Either way, I had to act as if they were plotting to betray me. This meant trusting Boss Gage (who did not strike me as trustworthy), and possible risk alienating the Janus Corporation. I didn't want them to know I was on to them, but I couldn't let them get their filthy limbs on my ship, either. This called for someone with tact, diplomatic skills, and a mind like a steel trap.

Obviously, I was not referring to myself.

"Damian," I said. "Come with me. We're going to get that slave-artifact removed in med bay, and then you are going to be my personal representative to the Janus Corporation."
Damian loved this sort of thing. He had a small library, about a centimetre on each side, of tales and minutes about the daring and brave and Herculean feats of politicians and corporate adventurers; years worth of training in the verbal harassment part of negotiation. But even this could be nothing more than a distraction against the power that the Janus Corporation could presumably wield. So a distraction it would be, and we would have to hope that what the Janus Corporation was built on, the bureaucracy, would be their undoing.

Gage's faction in the mix was that of the entirety of sector G. A fair population of the disgruntled with dissension and rebellion in their minds. But it was still only one sector of many and, at that, one without much power. Our plan was to throw in our bargaining chip of a ship with him, the most powerful chip around, and to entrust our every chance to him. His gain would be ours and we had the same goal; it was not an ideal situation.

Anyway, a rising power like Gage's would be far smaller and more agile, without the rot of the plague having yet set in. A David and Goliath scenario. Logically the David would win, so I was pretty confident.
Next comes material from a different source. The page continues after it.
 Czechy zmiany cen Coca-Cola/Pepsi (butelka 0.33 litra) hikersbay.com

The med bay was a Spartan sort of affair, still in sector G, and the main feature of the room was the doctor. Not for the size or impression of the doctor, but for the lack of anything else. Damian was laid on the floor and an anaesthetic was produced from a pocket and administered before he could start to struggle. With a bit of leaning and peeking I could see that the doctor's black coat of skin was equipped with what must have amounted to hundreds of pockets stitched to the inside. I marvelled at the ingenuity and style of this being - he wore several eye-patches and peripherals. Eyes, for example.
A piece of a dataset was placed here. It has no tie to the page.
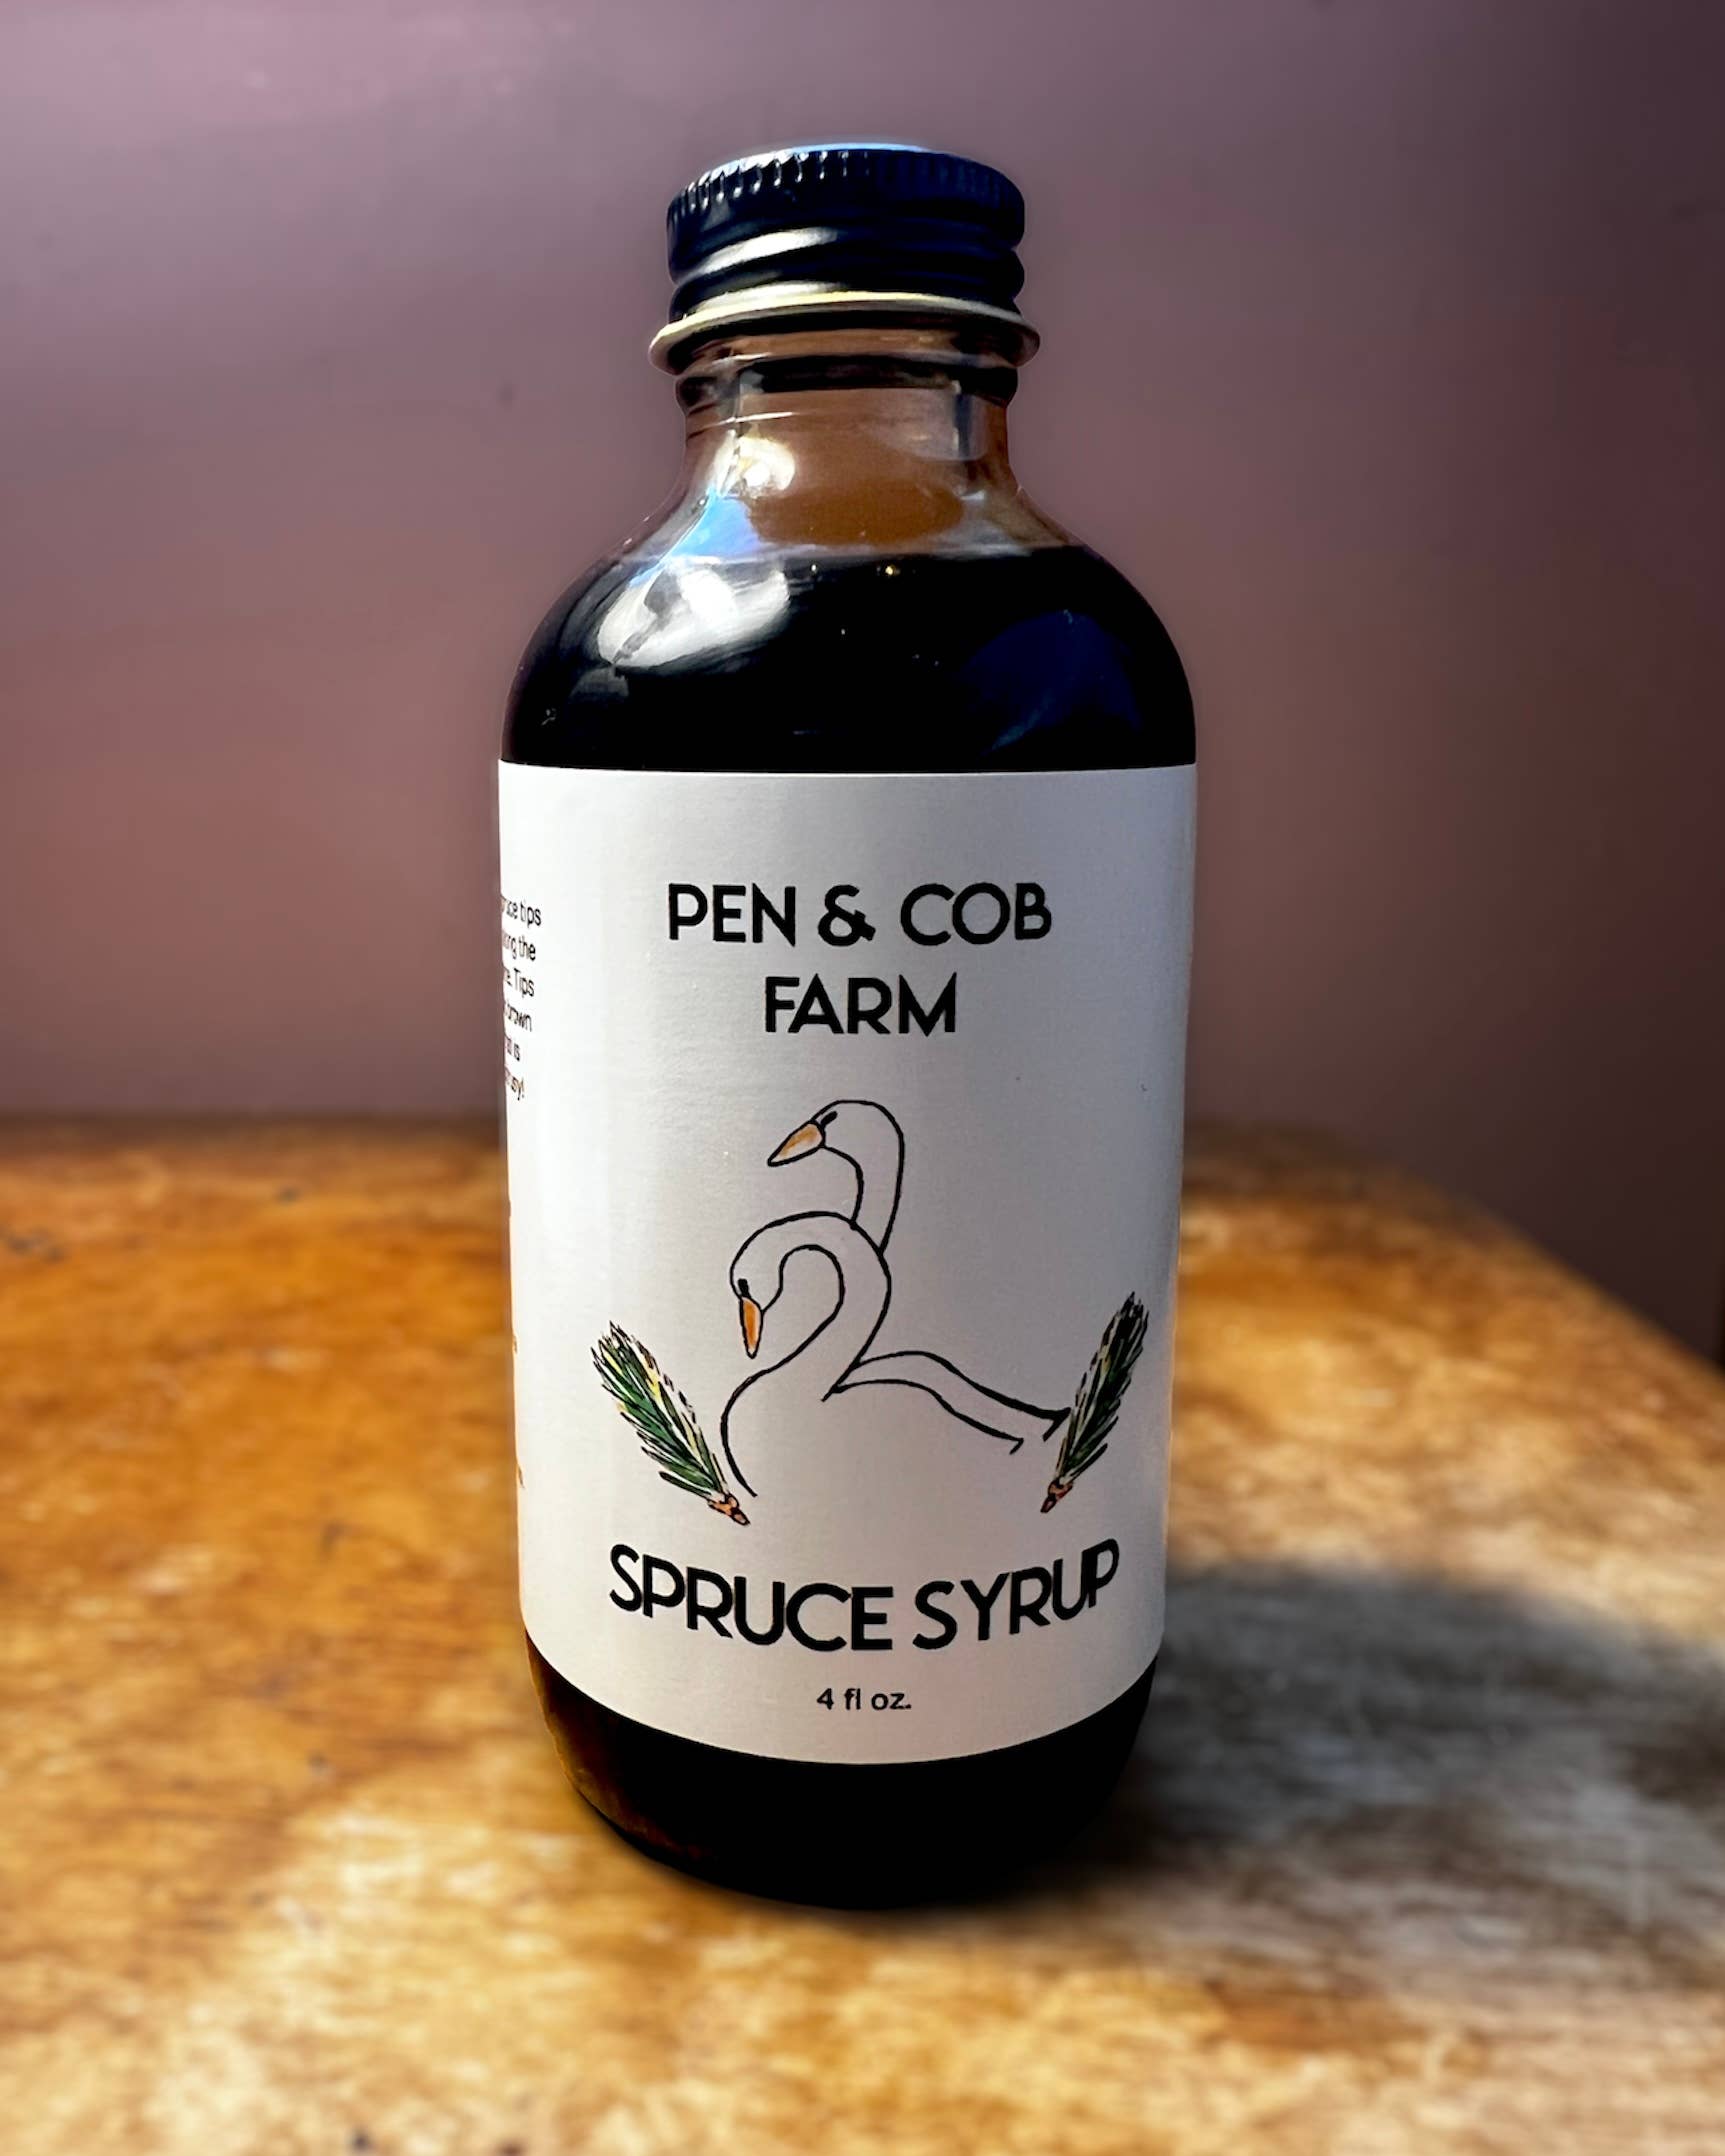 Pen & Cob Farm - Spruce Tip Syrup - Space Camp

I was asked to leave the room while surgery was performed. After some hours of silence I thought to check and found Damian alone, with a stitch where the slave-artefact once lay under the skin and a contented smile on his face that lasted even after the application of cold water.
"I'm sorry."

Damian fixed me with his piercing gaze. "For what?"
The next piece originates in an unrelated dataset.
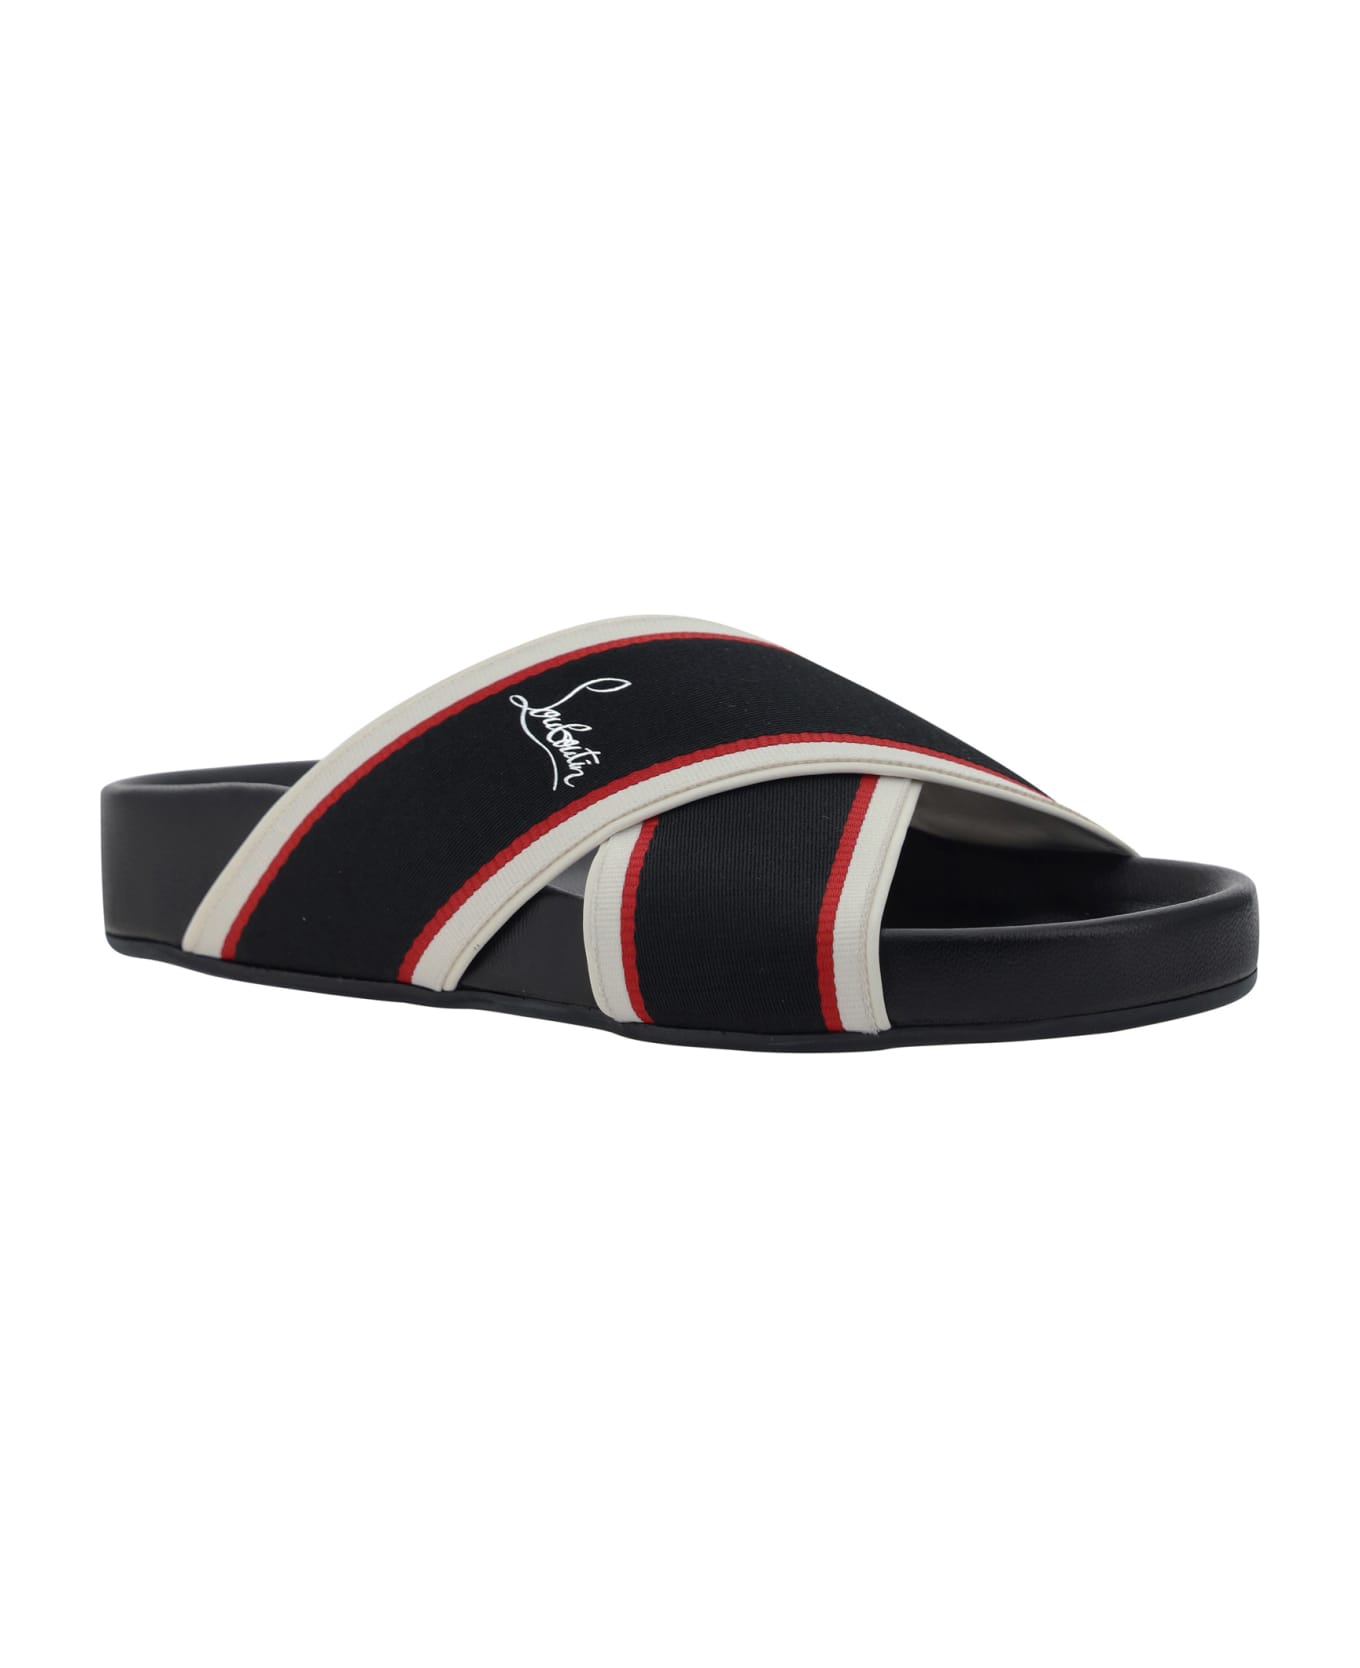 Kyrie Louboutin Hot Cross Bizz Sandals - Black

"For not getting this taken care of sooner," I replied.

He snorted. "We didn't have the technology, and we couldn't have lingered long enough to have it taken out. We were on the run, remember?" He touched the spot gingerly, as if assessing the damage. "In any case, you chose to disable all the instructions encoded onto the dreadful thing. You could have forced loyalty, punished me with pain, or sold me to the highest bidder. I haven't forgotten that, you know."

"If you're so grateful," I said, one corner of my mouth twisting into a lopsided smile. "Why do you go out of your way to make my life miserable?" I was rewarded with one of his more genuine smiles.

"Because you're an arrogant, senseless, idiot."

"I'm deeply touched."

I looked at the remains of the artifact, which were tossed carelessly into a trash chute, complete with red lining and the ever-present bio-hazard sign. That was all that remained of a horrible, cruel artifact that must have made Damian's life living hell, at least for a time. Enforcing obedience, punishing infractions with pain, molding his mind... I wish I knew more of his early life, but a part of me wished to be spared.

Clearly, it had not broken his spirit. How had it affected him, I did not know. But here was this clever man, and he was going to be our last hope. If anyone could get us out of this mess, it was Damian.